QUE:-17. In a school, students thought of planting trees in and around the school to reduce air
pollution. It was decided that the number of trees, that each section of each class will
plant, will be the same as the class, in which they are studying, e.g., a section of Class I
will plant 1 tree, a section of Class II will plant 2 trees and so on till Class XII. There are
three sections of each class. How many trees will be planted by the students?
SOL:-
Total no. of class is 12
tree planted by class 1 is 1×3=3
tree planted by class 2 is 2 ×3=6
tree planted by class 3 is 3×3=9
let AP is 3 , 6, 9 …………….36
so a = 3 d =6-3 =3 n =12
Sn= n/2[2a + (n – 1) d]
Sn= 12/2[2×3 + (12– 1) 3]
= 6 [ 6 +33]
=234
so the tree planted by students are 234 .
QUE:-18. A spiral is made up of successive semicircles, with centres alternately at A and B,
starting with centre at A, of radii 0.5 cm, 1.0 cm, 1.5 cm, 2.0 cm, . . . as shown in
Fig. 5.4. What is the total length of such a spiral made up of thirteen consecutive
semicircles? (Take π =22/7)
[Hint : Length of successive semicircles is l1,l2,l3,l4,……….with centres at A, B, A, B, . . .,respectively.].
SOL:-
l1,l2,l3,l4………. are the circumfrence of semicircles
so cicumfrence of semicircle is =1/2(2πr)=πr
l1 =π 0.5
l2 =π1.0
l3 =π 1.05
a = π0.5 , d =π1.0-π0.5 =0.5 , n = 13
Sn= n/2[2a + (n – 1) d]
Sn =13/2[ 2π0.5 +(13-1)0.5π]
Sn = 13/2 [1.0π +6.0π]
Sn =13/2[7π]
Sn =13/2[7×22/7]
Sn = 13/2×154/7=143
so the length of spiral is 143 cm
QUE:-19. 200 logs are stacked in the following manner: 20 logs in the bottom row, 19 in the next row,18 in the row next to it and so on (see Fig. 5.5). In how many rows are the 200 logs placed and how many logs are in the top row?
SOL:-
logs in 1st row is =20
logs in second row is =19
logs in third row is =18
a =20 d =19-20 =-1, n =? Sn =200
Sn= n/2[2a + (n – 1) d]
200 = n/2[ 2×20+(n-1)(-1)]
200 = 20n -n²/2 +n/2
400 =40n -n² +n
n² -41n +400=0
n² -16n -25n +400=0
n(n-16) -25(n-16) =0
(n-16)(n-25) =0
n =16 ,n=25
a16 =a +(n-1)d
a16 = 20 +(16-1)(-1) = 20-16 =4
a25 = 20 +(25-1)(-1)=20 -24 =-4
QUE:-20. In a potato race, a bucket is placed at the starting point, which is 5 m from the first potato,
and the other potatoes are placed 3 m apart in a straight line. There are ten potatoes in the
line (see Fig. 5.6).
A competitor starts from the bucket, picks up the nearest potato, runs back with it, drops
it in the bucket, runs back to pick up the next potato, runs to the bucket to drop it in, and
she continues in the same way until all the potatoes are in the bucket. What is the total
distance the competitor has to run?
[Hint : To pick up the first potato and the second potato, the total distance (in metres)

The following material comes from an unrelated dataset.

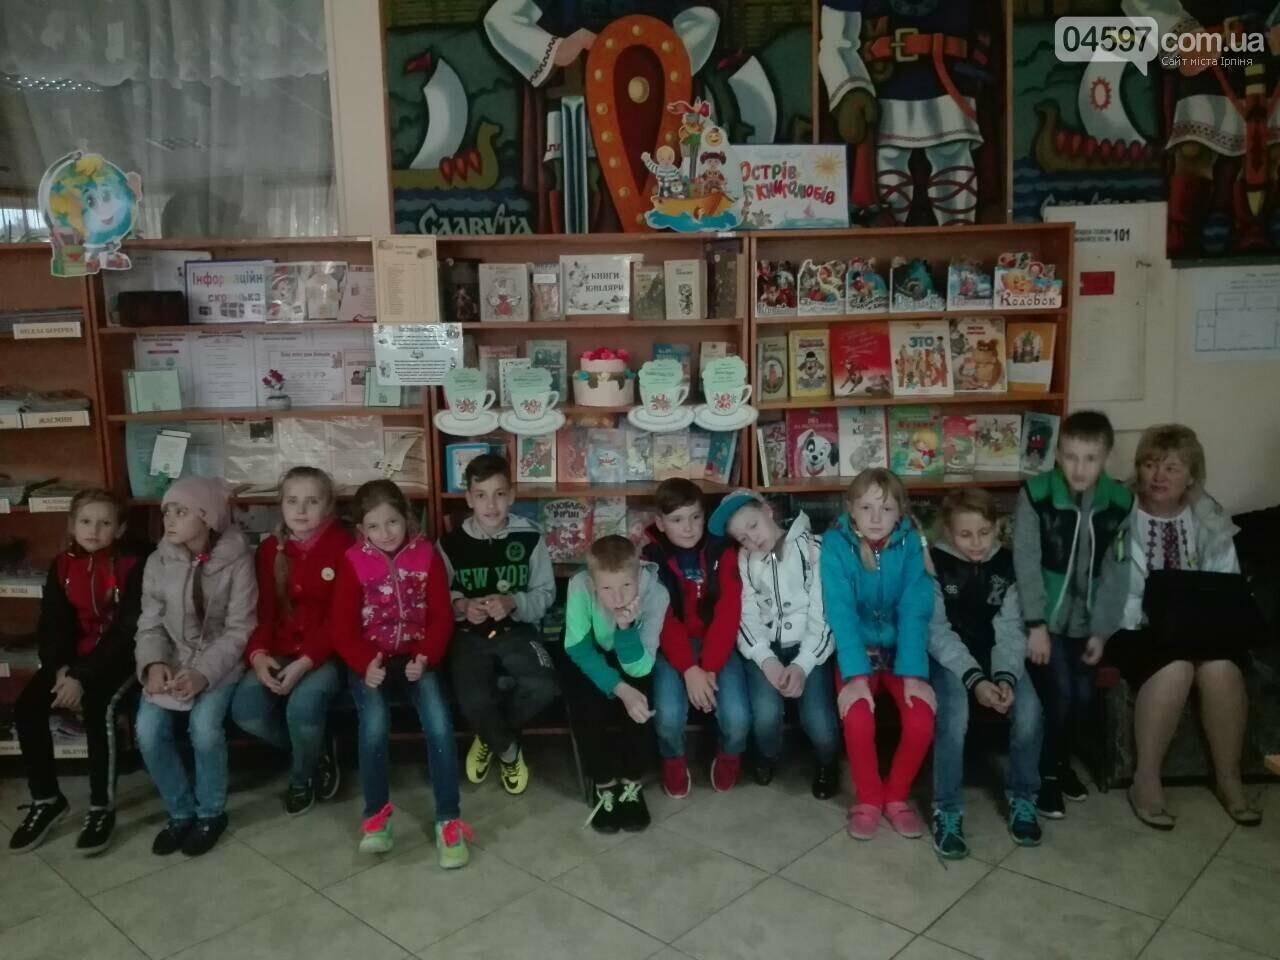 Діти з Донбасу відвідали Ірпінь, фото-1

run by a competitor is 2 × 5 + 2 × (5 + 3)]
SOL:-
total distance travel to pick first patato is =2×5 =10
total distance travel to pick second patato is =2×(5 +3)=16
total distance travel to pick third patato is =2×(5+6 )=22
so the AP is =10 ,16,22,28,………….
a =10 ,d =16-10=6, n =10
Sn= n/2[2a + (n – 1) d]
Sn = 10/2[2×10 +(10-1)6]
Sn =5 [ 20+54]
Sn = 370
so the total distance covered to pick all potato is 370m.
Summary
In this chapter, we have studied the following points :
1. An arithmetic progression (AP) is a list of numbers in which each term is obtained by
adding a fixed number d to the preceding term, except the first term. The fixed number d
is called the common difference.
The general form of an AP is a, a + d, a + 2d, a + 3d, . . .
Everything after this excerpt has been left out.